Houston-based Independence Contract Drilling Inc. (ICD) on Thursday said it would merge with cross-town rival Sidewinder Drilling LLC, a combination that would bring together contract drilling fleets concentrated in the Permian Basin and Haynesville Shale.

Under the definitive merger agreement, ICD would acquire all of the outstanding equity in Sidewinder, giving it a majority stake at 51% and an enterprise value estimated at $200 million. The deal would more than double the size of ICD’s pad-optimal rig fleet to 34 rigs, following “modest” upgrades to five Sidewinder rigs.

“The benefits to ICD of this combination are significant, and the industrial and geographic fit is obvious,” said CEO Byron Dunn. “We expect to gain significant size and scale, expand growth opportunities and realize significant synergies.

“We also expect to strengthen our cash flows and balance sheet, add operational expertise and capabilities, and create significant opportunities to market additional rigs into our expanding customer base.”

Sidewinder, formed in 2011, shares complementary fleets and operations with ICD, as well as “a common focus and commitment to safety, operational excellence and customer service,” said CEO Anthony Gallegos, who is to run the combined company.

“Through the combination of our operations and premier assets strategically located in North America’s most active basins, I believe we have compelling opportunities for operational synergies and growth as well as career advancement for the employees of both companies.”

ICD’s fleet in the first three months of this year operated at 100% utilization and recorded 1,259 revenue days, compared to 100% utilization and 1,289 revenue days in 4Q2017, and 91.7% utilization and 1,073 revenue days in the year-ago period.
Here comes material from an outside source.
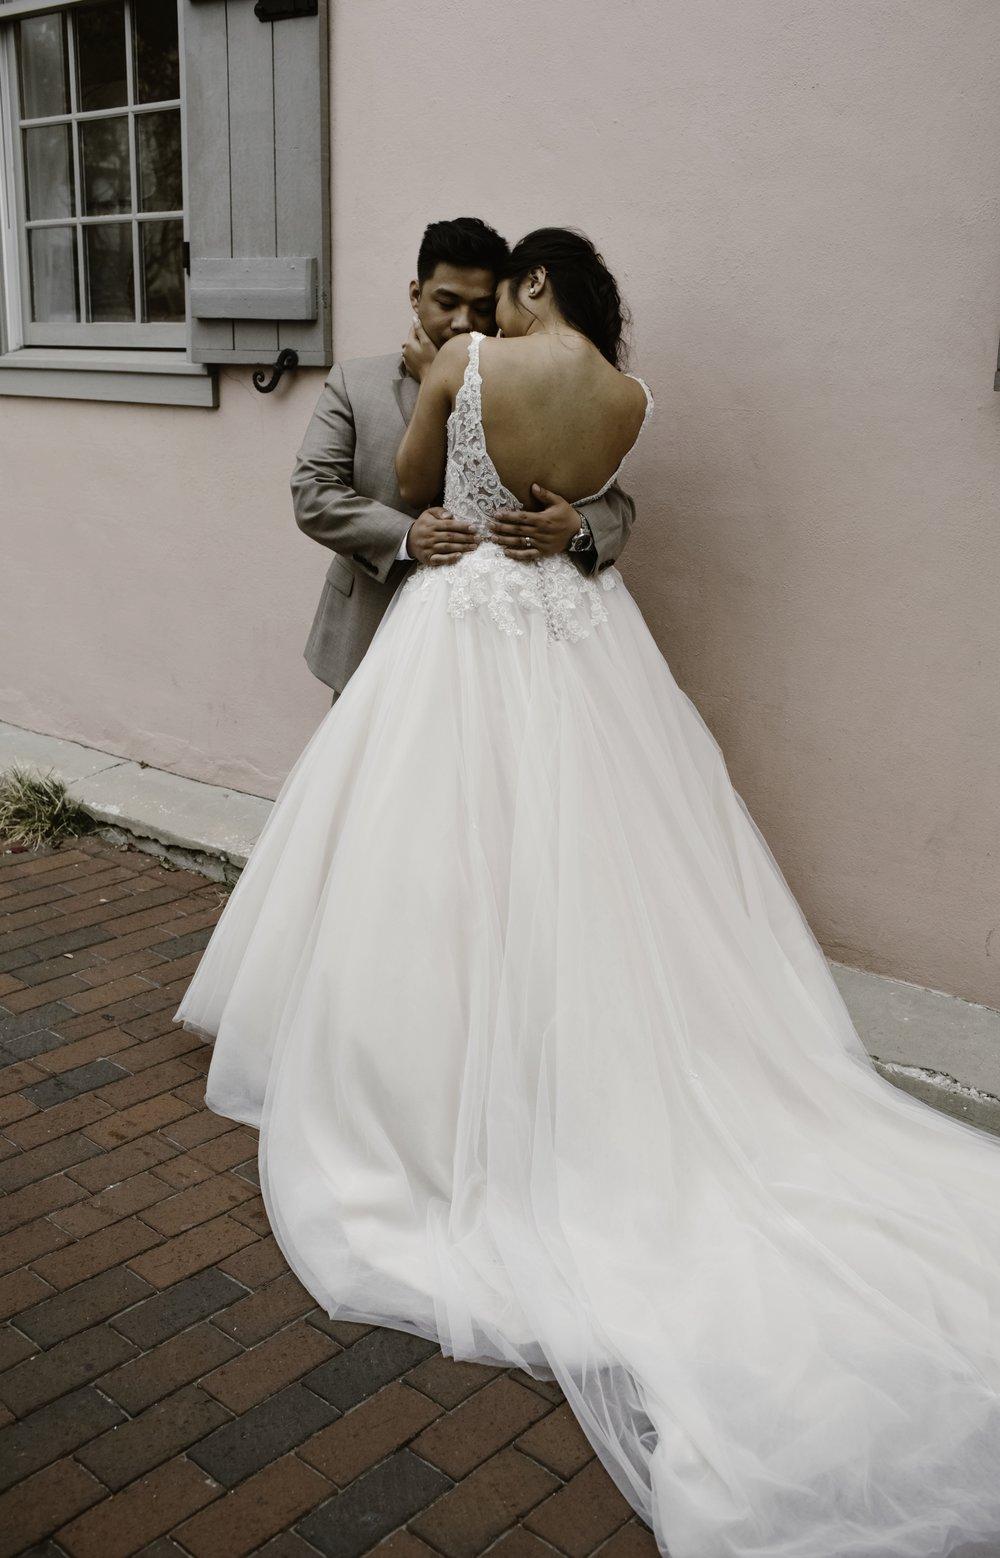 Wedding | St Augustine | Bay View at A1A aleworks| Roxanne and LJ | Vanessa Boy | Orlando Florida | Vanessa Boy | vanessaboy.com-154final.jpg

All 14 of the its proprietary walking rigs known as ShaleDrillers, were contracted and operating under term contracts. The backlog of revenues from contracts at the end of March, with original terms of six months or more, was $52.7 million. About 84% of the backlog was expected to be realized during the remainder of 2018.

Privately held Sidewinder has 19 total rigs, including 16 contracted, with 13 high-tech, aka “super-spec,” alternating current (AC) walkers, according to Tudor, Pickering, Holt & Co. (TPH).

ICD expects to achieve synergies with the combination of more than $8 million once the merger is completed, which is expected before the end of the year. The transaction needs customary regulatory approvals and a thumbs’ up from ICD shareholders. Under the terms of the transaction, Sidewinder unitholders would receive an aggregate of 36.75 million shares of ICD common stock, representing about 49% of the total outstanding shares. ICD also would assume an estimated $50 million of Sidewinder net debt.

The combined board is to consist of four existing ICD board members, including Chairman Thomas R. Bates, and two members appointed by the controlling owners of Sidewinder. ICD CFO Philip Choyce would continue as financial chief.

The merger has been unanimously approved by the boards and received the requisite approval of Sidewinder unitholders. Evercore ISI acted as ICD’s financial adviser.

In conjunction with the signing of the merger agreement, ICD received binding commitments for a $130 million, secured, five-year term loan and a $40 million revolving credit facility, with proceeds to be used to refinance existing debt and the Sidewinder debt.

ICD plans to upgrade Sidewinder’s four silicon-controlled rectifier rigs, which should cost about $12.5 million and take about a year, TPH said. ICD also wants to reactivate/upgrade one lower-spec AC-rig, which would cost around $8 million.

Because “size and scale” are important in today’s drilling environment, the combination is a good one, TPH analysts said. They estimated the enterprise value at roughly $200 million using ICD’s stock closing price on Wednesday of $4.06.

Once the upgrades are completed, “ICD will more than double its fleet to 34 total pad-optimal rigs,” said the TPH team. “Strategically, while slightly dilutive to asset quality, this transaction makes sense for ICD as it helps to improve growth prospects (company is growth-constrained today) while also immediately improving public float.”